The U.S. Department of Agriculture’s Animal and Plant Health Inspection Service reports that a new procedure for both bulk and container shipments of raw, unprocessed soybeans to mainland China took effect on 1 January. The implementation of this systems approach follows a notification from mainland Chinese officials in September 2017 of foreign material exceeding mainland Chinese standards as well as weed seeds of quarantine concern in U.S. soybean shipments to that market.

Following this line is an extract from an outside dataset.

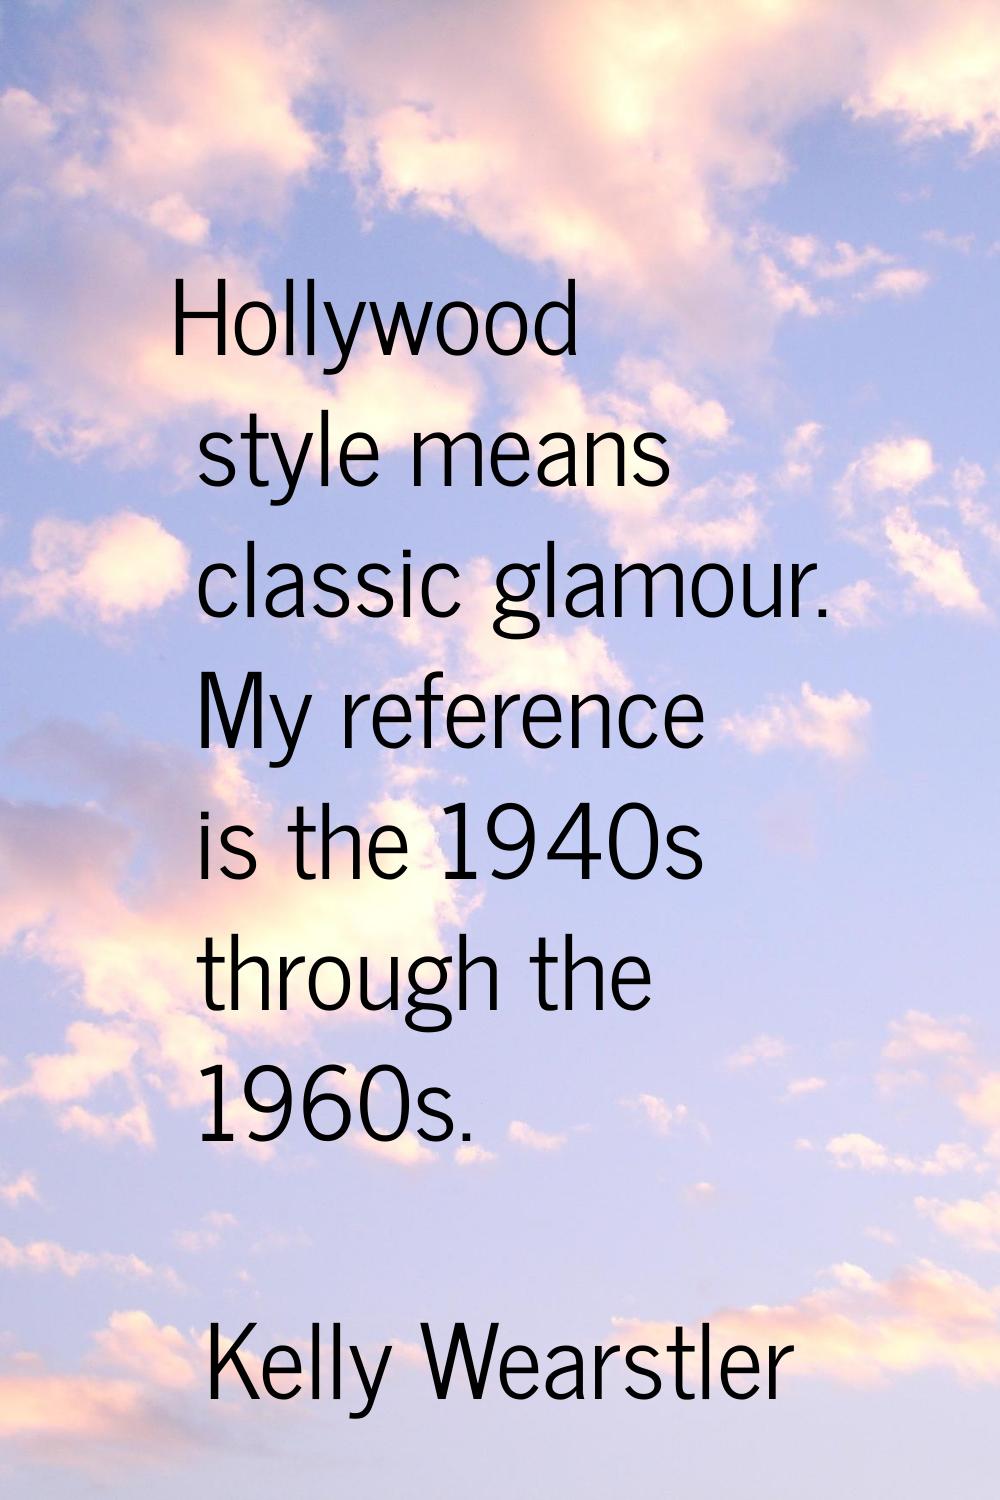 Hollywood style means classic glamour. My reference is the 1940s through the 1960s.

Under the new procedure, the USDA’s Federal Grain Inspection Service will sample mainland China-bound soybean shipments and analyse foreign material to monitor for weed seeds in U.S. bulk and container shipments. When FGIS determines that a consignment exceeds one percent foreign material, APHIS will include an additional declaration to that effect on the phytosanitary certificate. In turn, mainland China’s General Administration of Quality Supervision, Inspection and Quarantine has agreed to (i) expedite agricultural clearance of shipments with one percent or less foreign material and (ii) determine whether any phytosanitary measures such as inspection, cleaning, treatment or other protective actions may be appropriate to mitigate pest risk in shipments with more than one percent foreign material. AQSIQ will not hold or unnecessarily delay incoming shipments based solely on the volume of foreign material.

Osama El-Lissy, deputy administrator for APHIS’ Plant Protection and Quarantine programme, observed that his agency is working closely with AQSIQ “on a practical solution that addresses their concerns and provides for the uninterrupted flow of U.S. soybeans.” National Grain and Feed Association President and CEO Randy Gordon added that U.S. soybean producers “look forward to working with APHIS and other stakeholders in the U.S. soybean value chain to develop the components of the systems approach, including weed seed control best practices to be implemented on-farm, starting with the 2018 soybean growing season.” Meanwhile, U.S. Soybean Export Council CEO Jim Sutter expressed confidence that U.S. soybean farmers “will continue to service the important Chinese market without interruption.”